Agbiz considers that the government’s grip on certain State Owned Enterprises (SOE’s) no longer makes economic sense. Minister Nene highlighted the turnaround plan for the Post Office, the bailing out of South African Airways and the financial burden of keeping Eskom operational. Even though it is considered essential with the background of the key role these SOE’s play in the economy, Agbiz considers these enterprises to be highly inefficient and the state’s role therein is causing great inefficiencies.
Agbiz welcomes the identified priority on agriculture. However, it was vague on what is meant by its support of agriculture. The revitalisation of the Land Bank is definitely a good step forward for the agricultural economy. However, the impact of other aspects announced in the budget speech, such as the review (and possible drop) in the diesel rebate, the increase in fuel levy, increase in electricity prices and the inefficiencies of SOE’s will have a bigger negative effect on agriculture.
Agbiz is also concerned about certain issues which were mentioned casually, without putting light on the detail. The reality is that the budget suggests that government expenditure will increase above inflation.
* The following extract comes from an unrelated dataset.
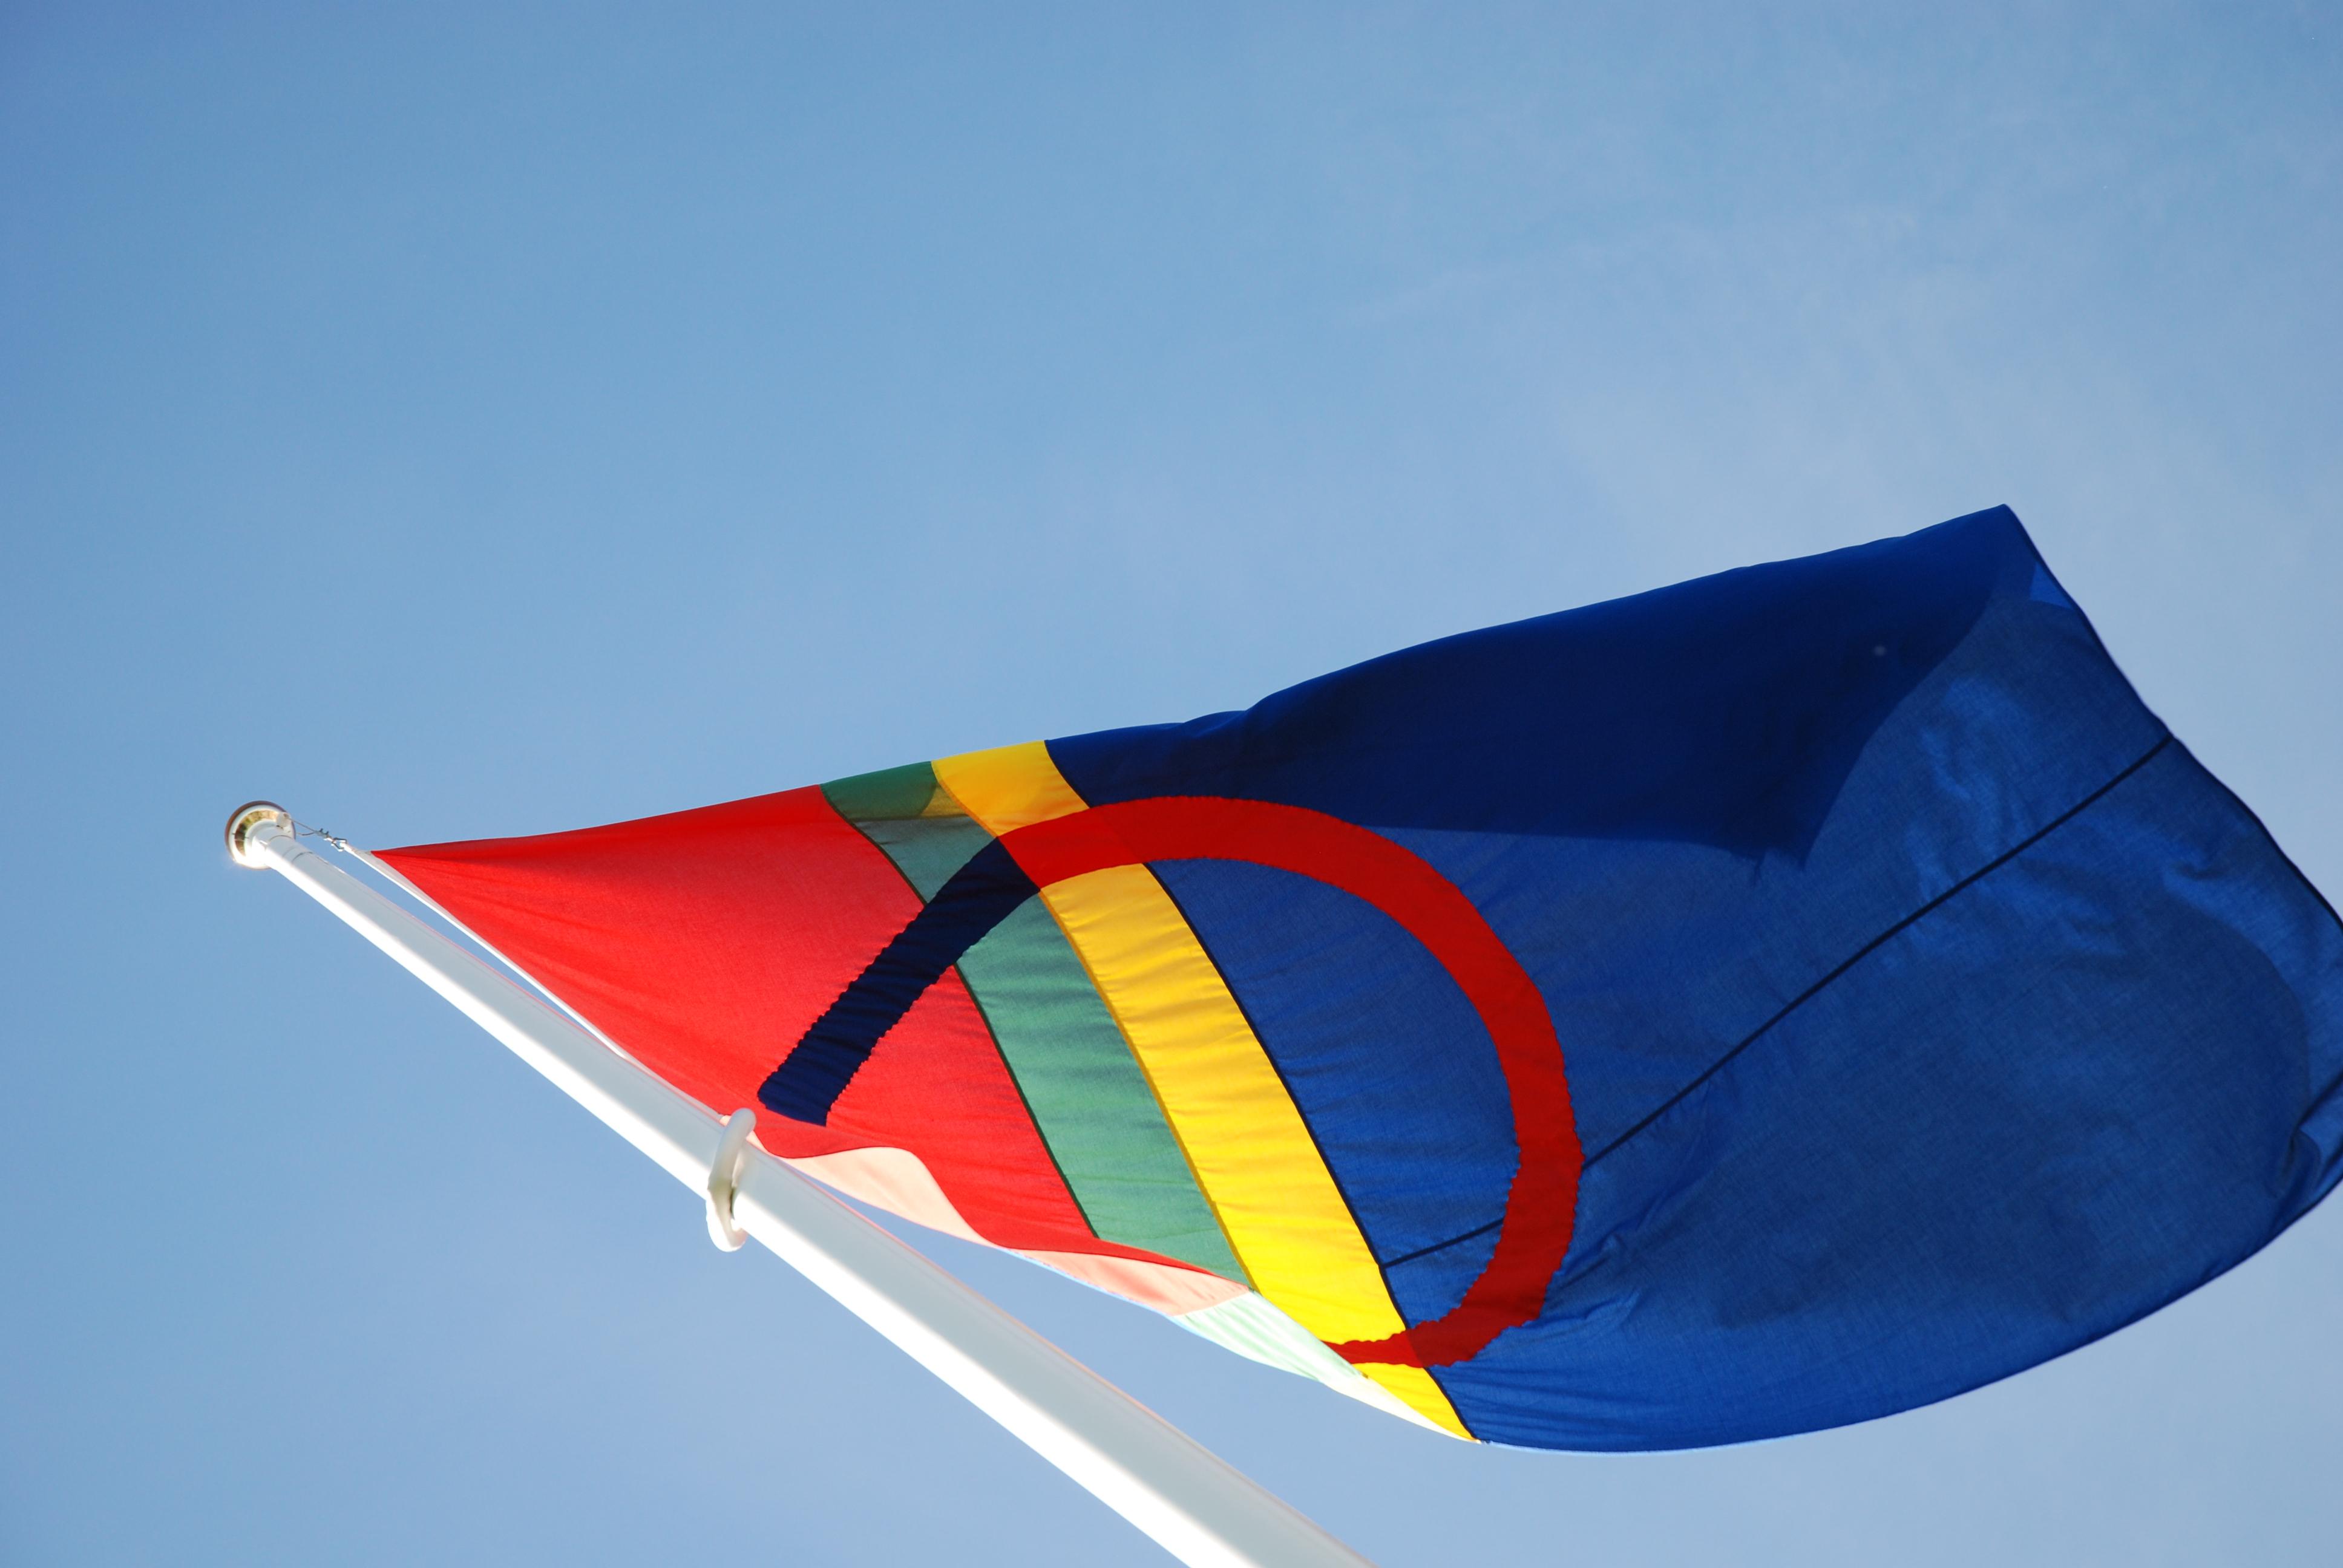 File:Samisk flagg.jpg - Wikimedia Commons: commons.wikimedia.org/wiki/file:samisk_flagg.jpg
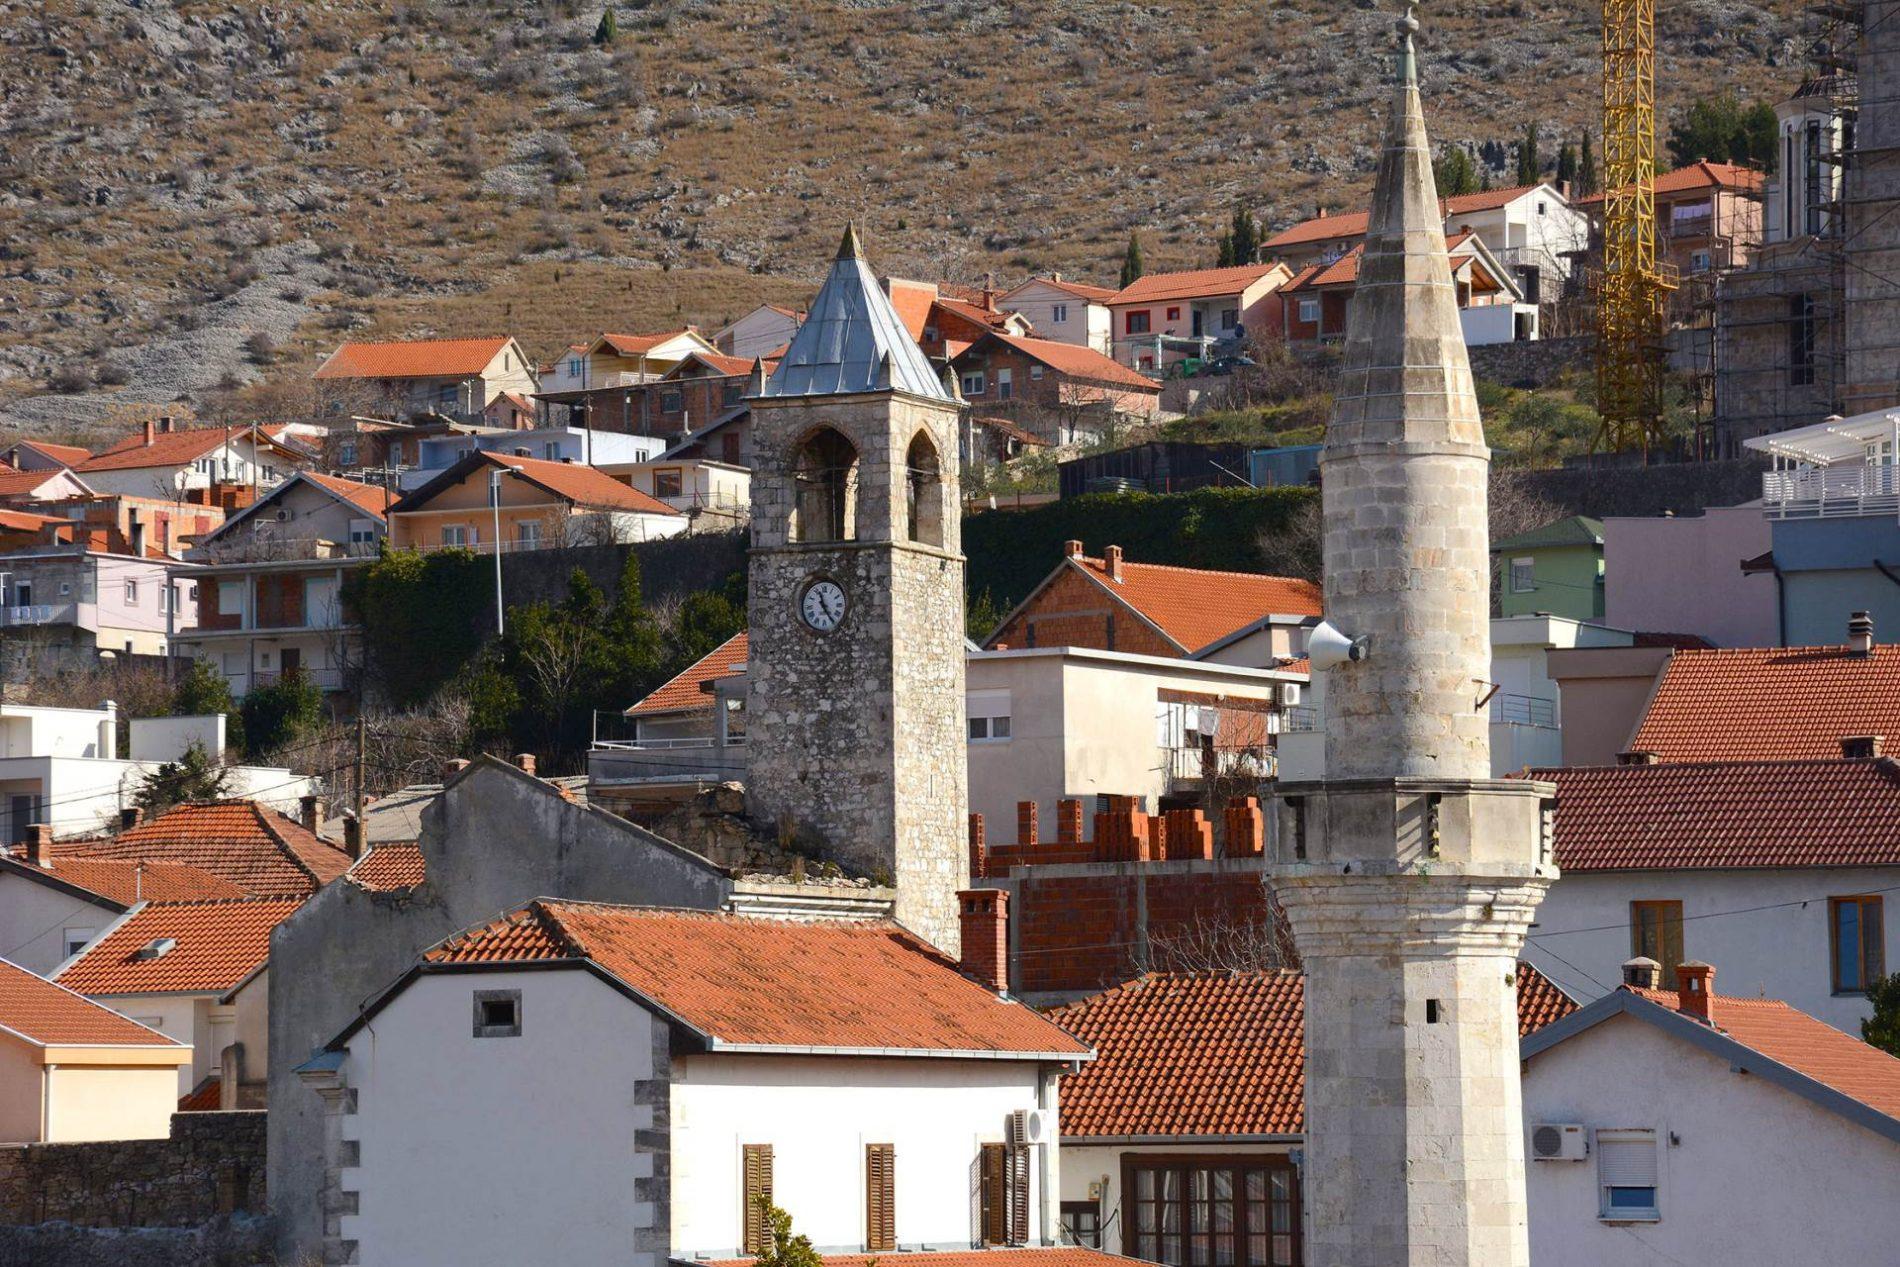 Mostar: Kazaljke na sahat-kuli ponovo pokazuju tačno vrijeme

Min Nene also did not provide clarity to issues such as allocation on Land Reform and the Agriparks, which President Zuma mentioned in the State of the Nation Address.
In summary, Agbiz applauds Minster Nene for bringing a positive perspective to the national state. He is very encouraging on the intentions of stable financial management in the government operations and the renewed fight against crime and corruption. Agbiz welcomes the support the budget has highlighted for the implementation of the National Development Plan. However, Agbiz considered Minister Nene to be over optimistic on the ability to achieve the growth expected from such a constrained economy. The attempt to balance the income versus the expenditure is good, but the roll out at ground level and the inefficient use of scarce resources remains a major concern.